> _WORK INSTRUCTION_
In the listing below, locate the line containing "Nhiều người dân" and copy it and every line after it through the end, exactly as written, leaving out any pictures.

> _SUPPLIED DATA_
----------------------------------------
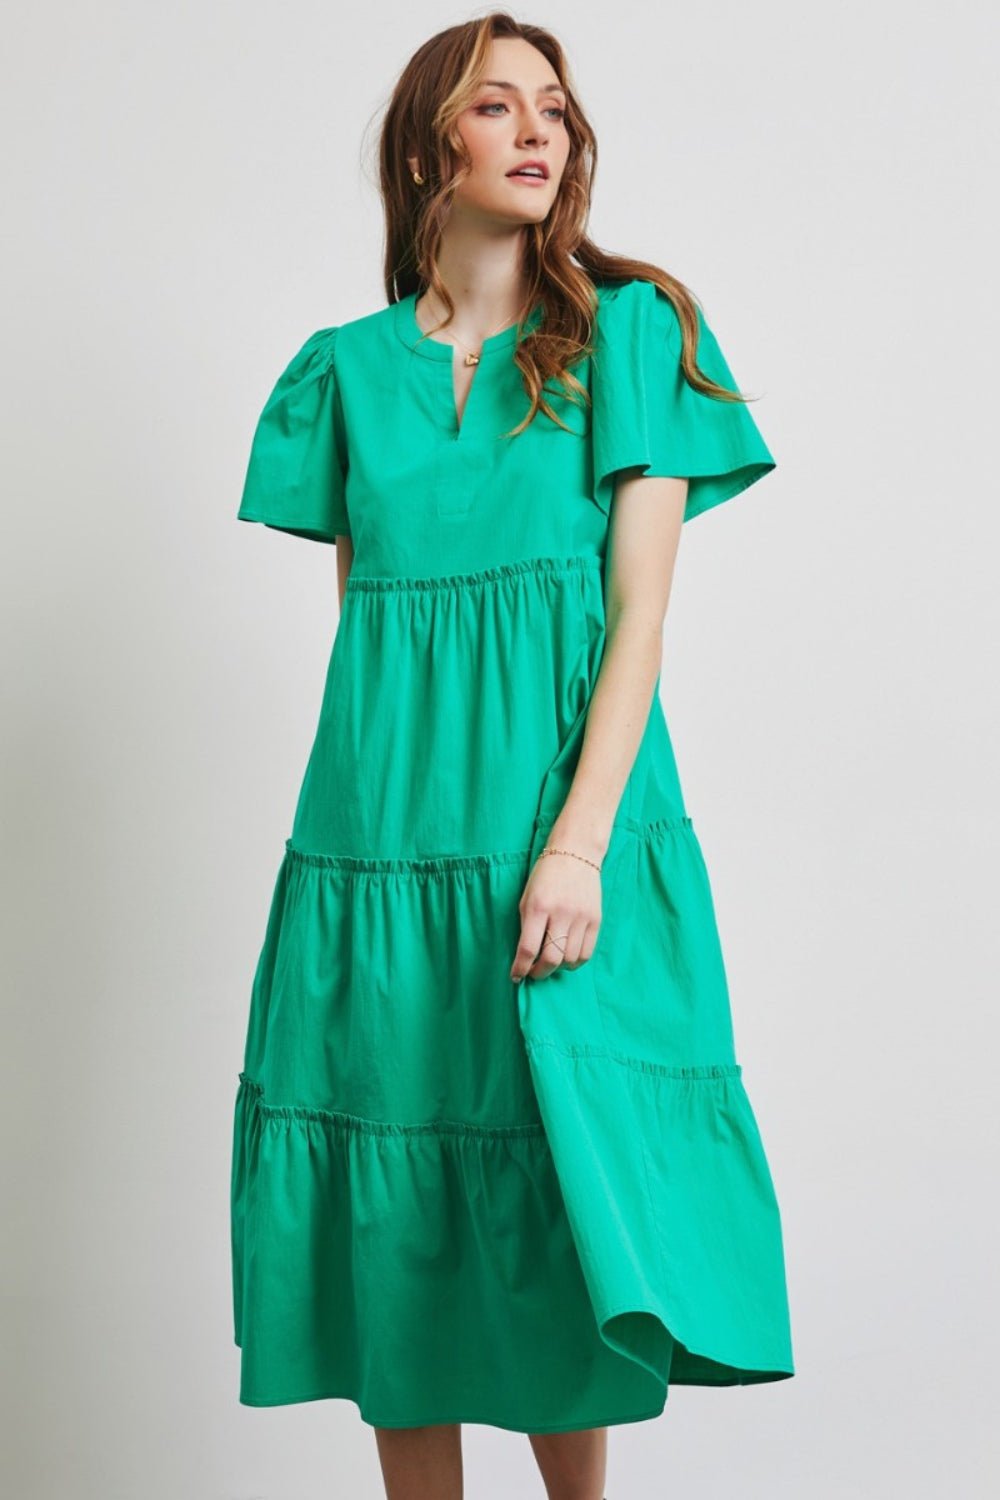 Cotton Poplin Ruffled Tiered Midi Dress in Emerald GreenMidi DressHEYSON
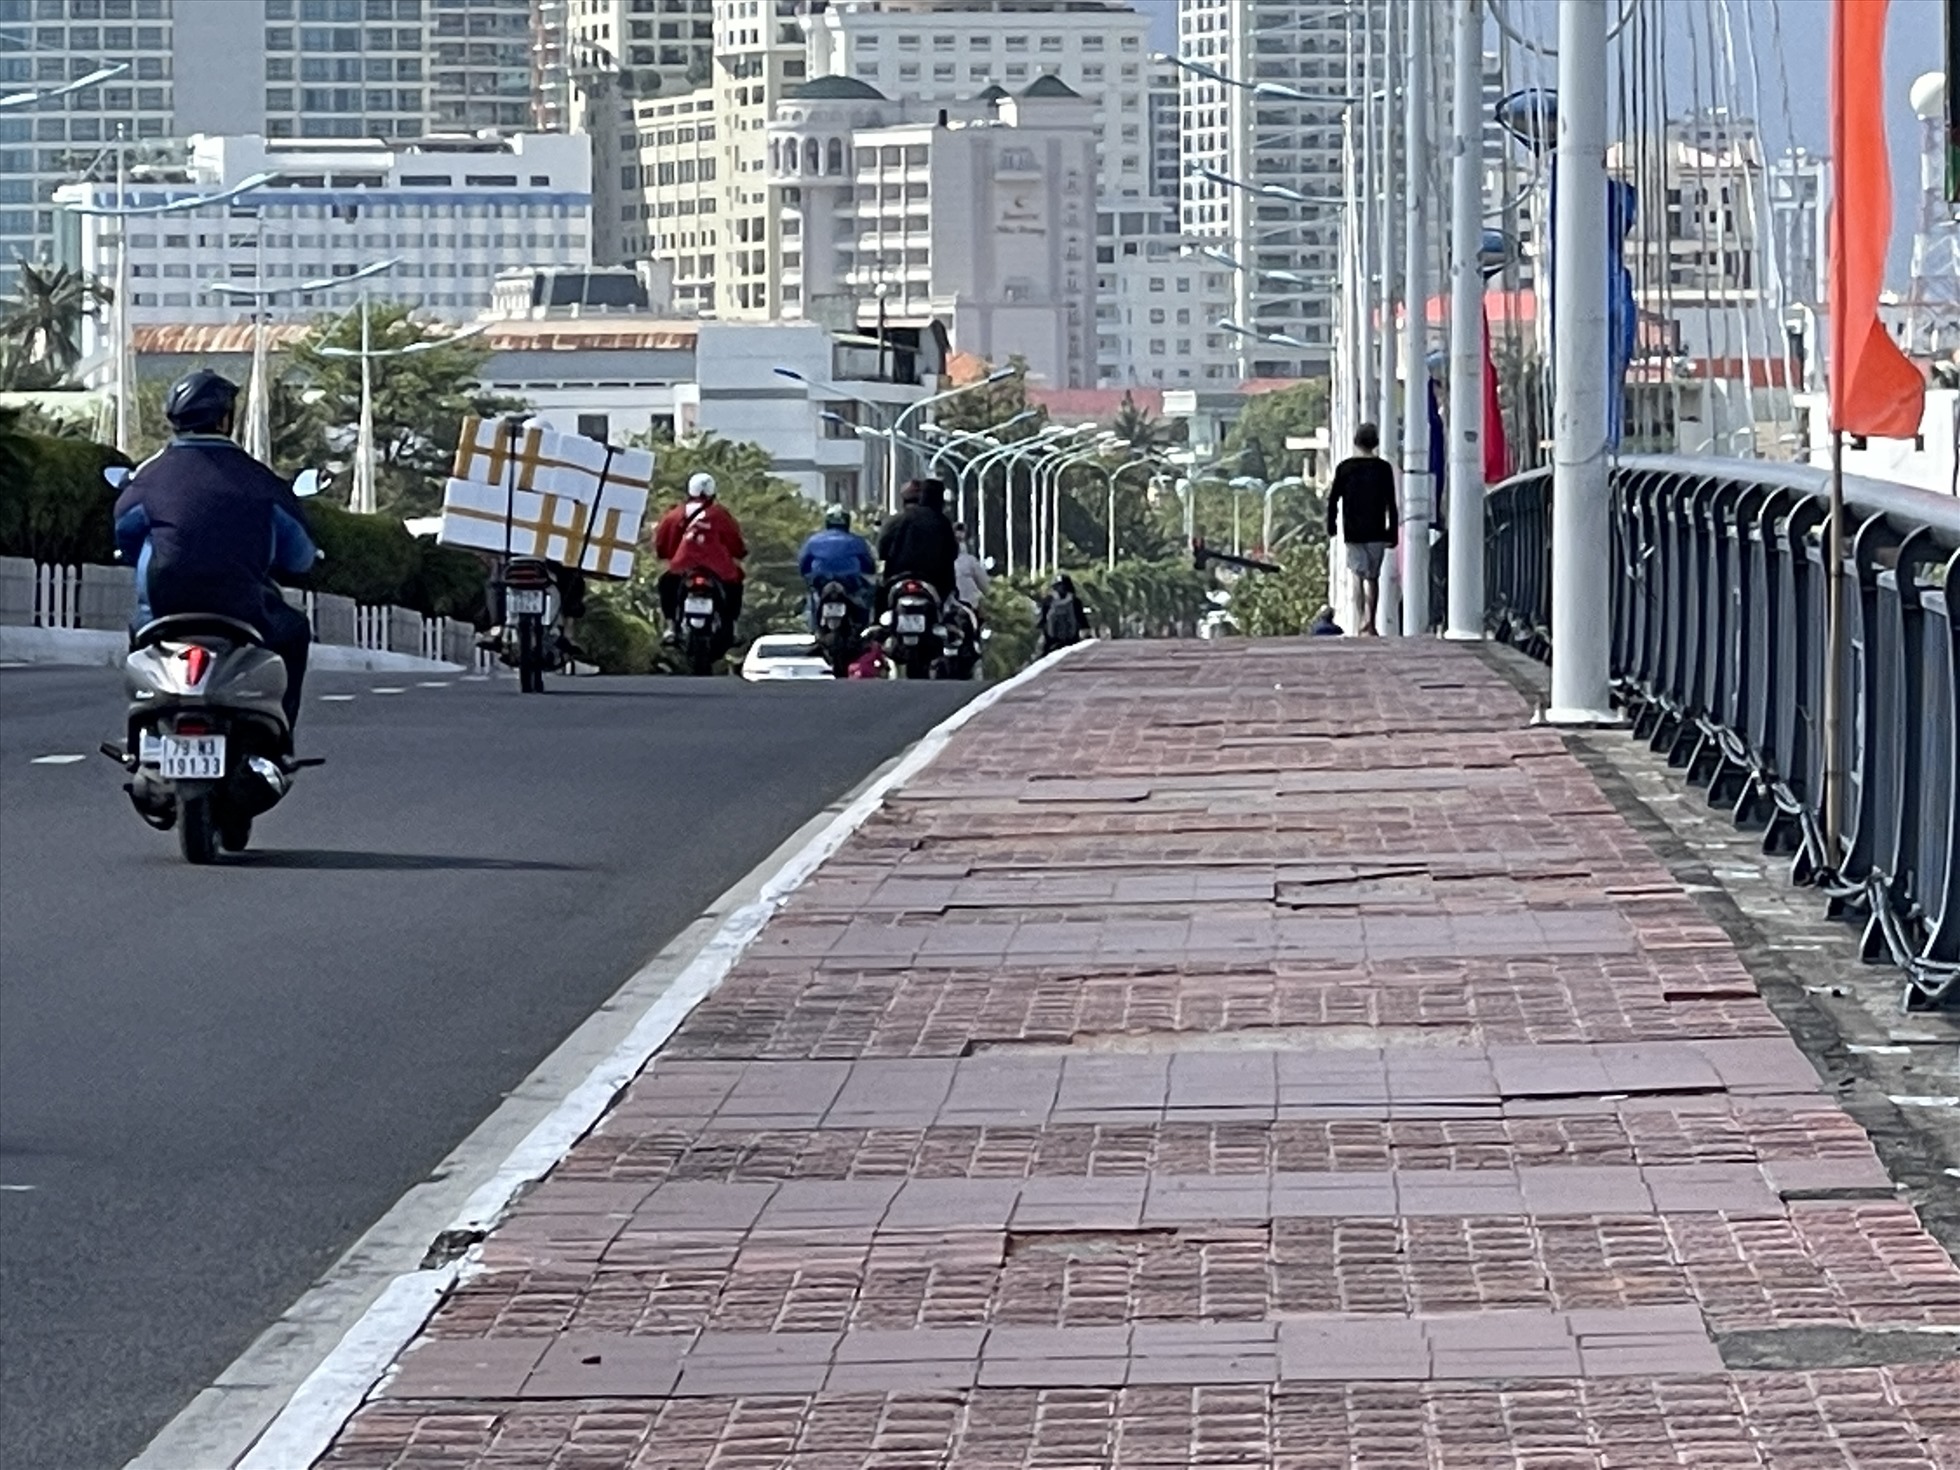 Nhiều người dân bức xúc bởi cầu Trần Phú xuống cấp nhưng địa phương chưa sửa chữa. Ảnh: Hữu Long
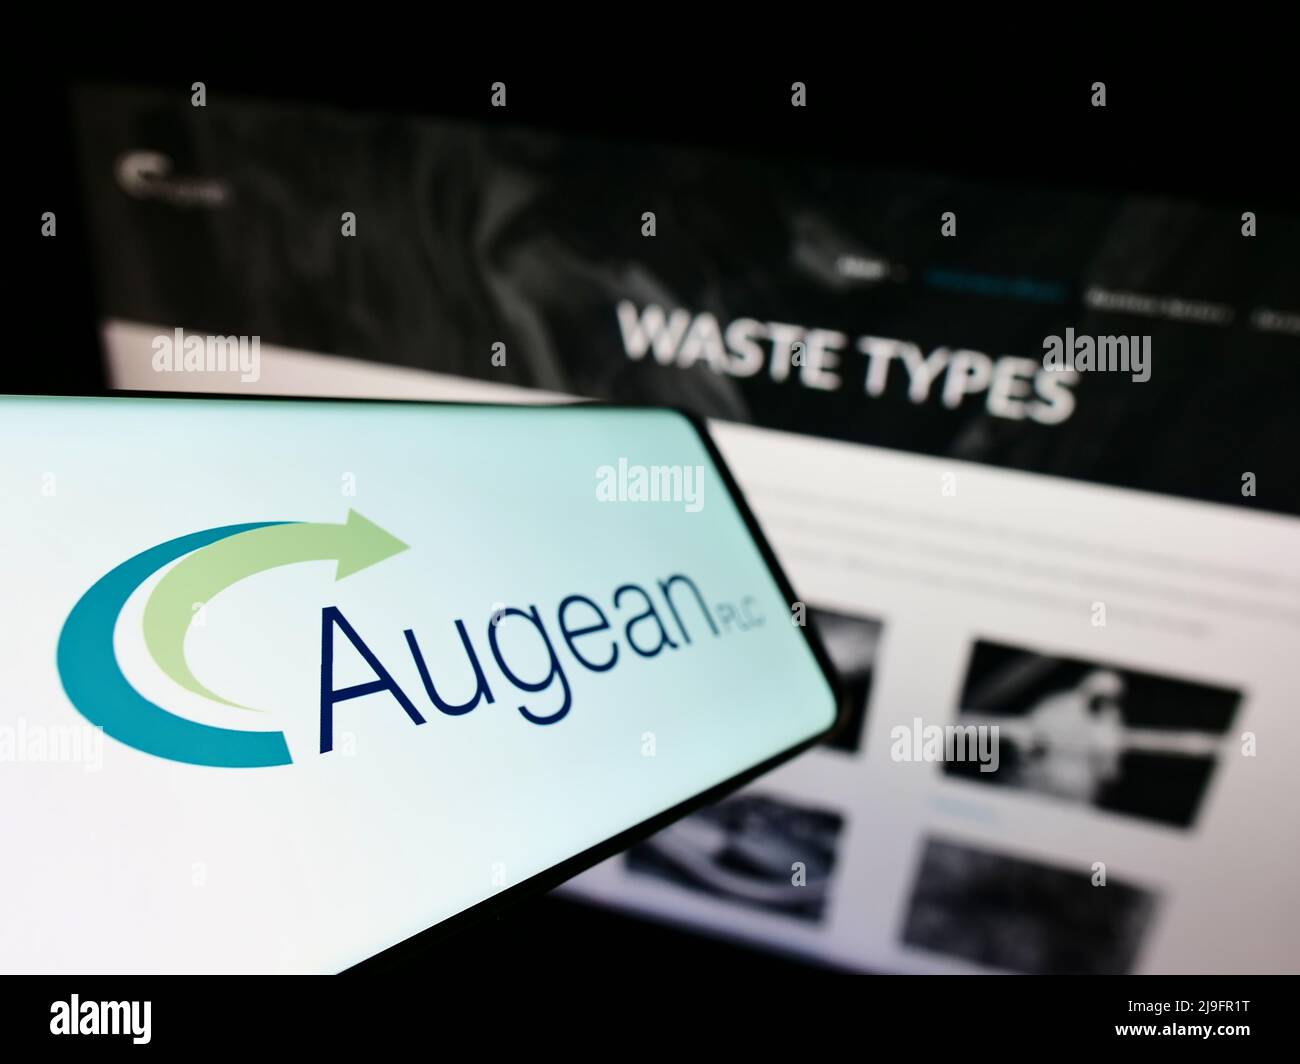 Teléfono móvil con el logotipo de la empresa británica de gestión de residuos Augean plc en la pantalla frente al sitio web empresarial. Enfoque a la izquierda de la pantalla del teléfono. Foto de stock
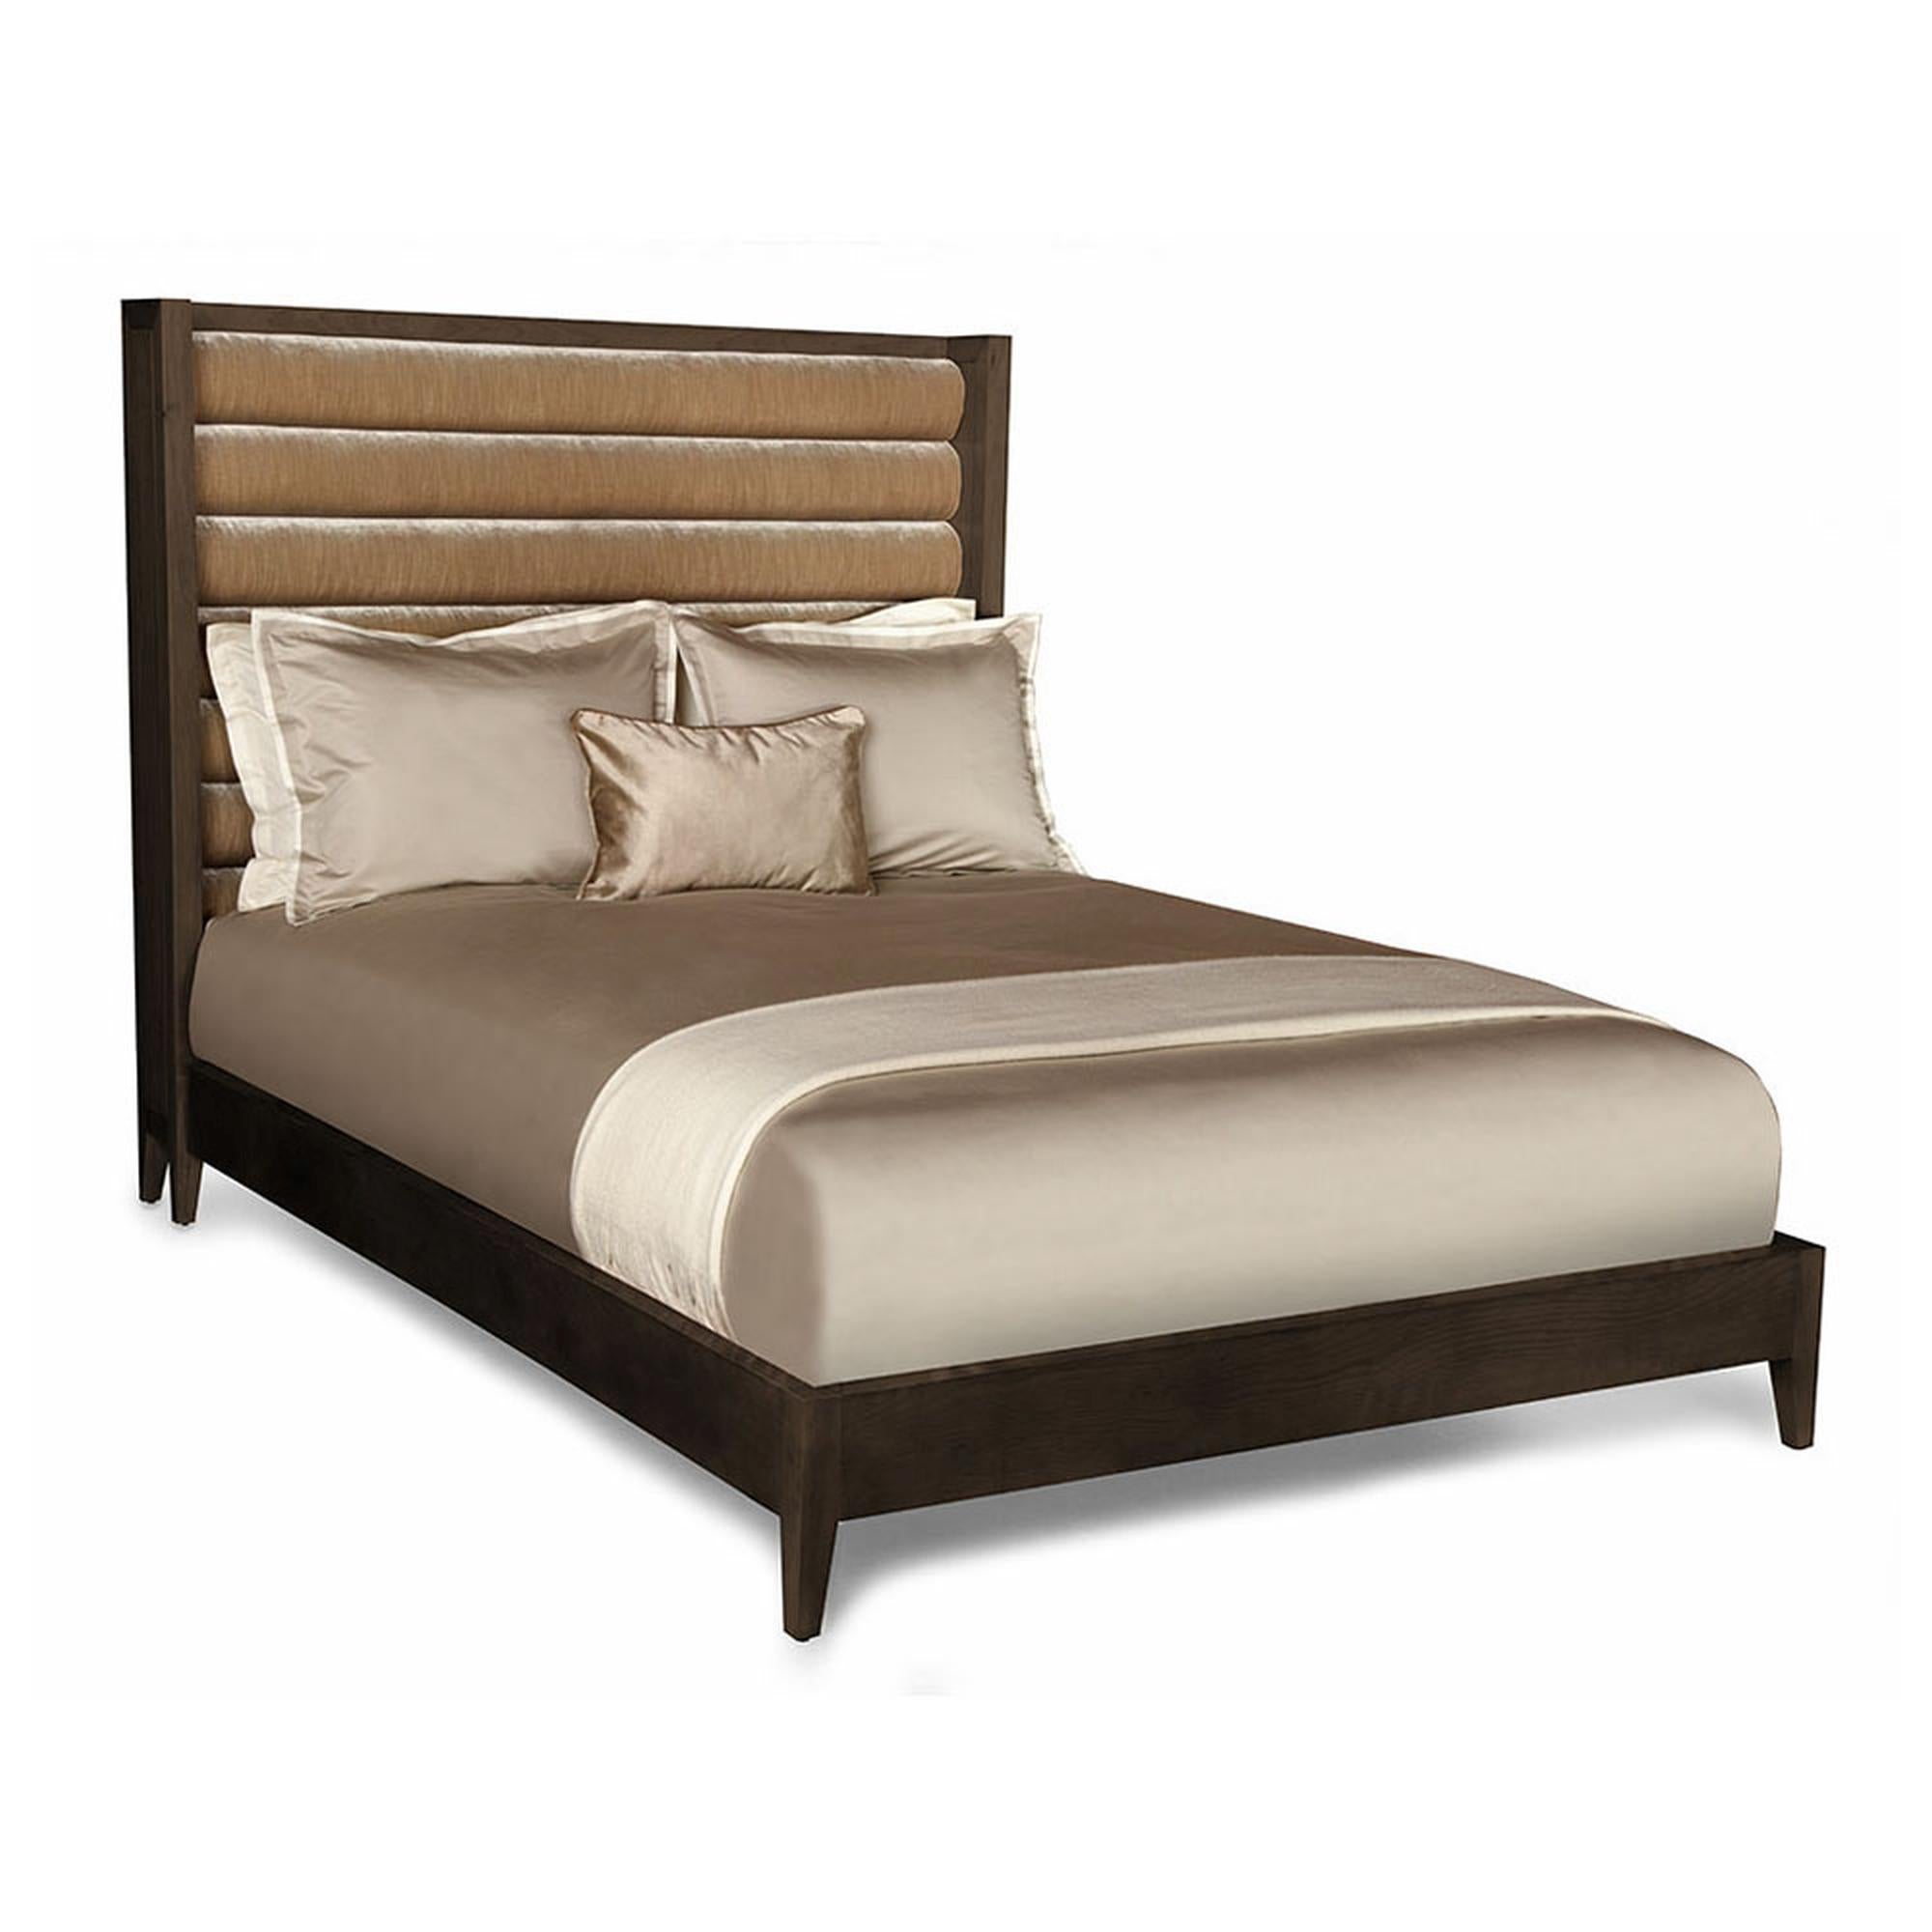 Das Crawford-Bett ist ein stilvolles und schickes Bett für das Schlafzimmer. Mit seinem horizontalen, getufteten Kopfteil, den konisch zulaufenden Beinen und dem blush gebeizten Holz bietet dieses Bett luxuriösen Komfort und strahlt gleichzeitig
----------------------------------------
> _COMPLETED TASK_
 Nhiều người dân bức xúc bởi cầu Trần Phú xuống cấp nhưng địa phương chưa sửa chữa. Ảnh: Hữu Long
 Teléfono móvil con el logotipo de la empresa británica de gestión de residuos Augean plc en la pantalla frente al sitio web empresarial. Enfoque a la izquierda de la pantalla del teléfono. Foto de stock
 Das Crawford-Bett ist ein stilvolles und schickes Bett für das Schlafzimmer. Mit seinem horizontalen, getufteten Kopfteil, den konisch zulaufenden Beinen und dem blush gebeizten Holz bietet dieses Bett luxuriösen Komfort und strahlt gleichzeitig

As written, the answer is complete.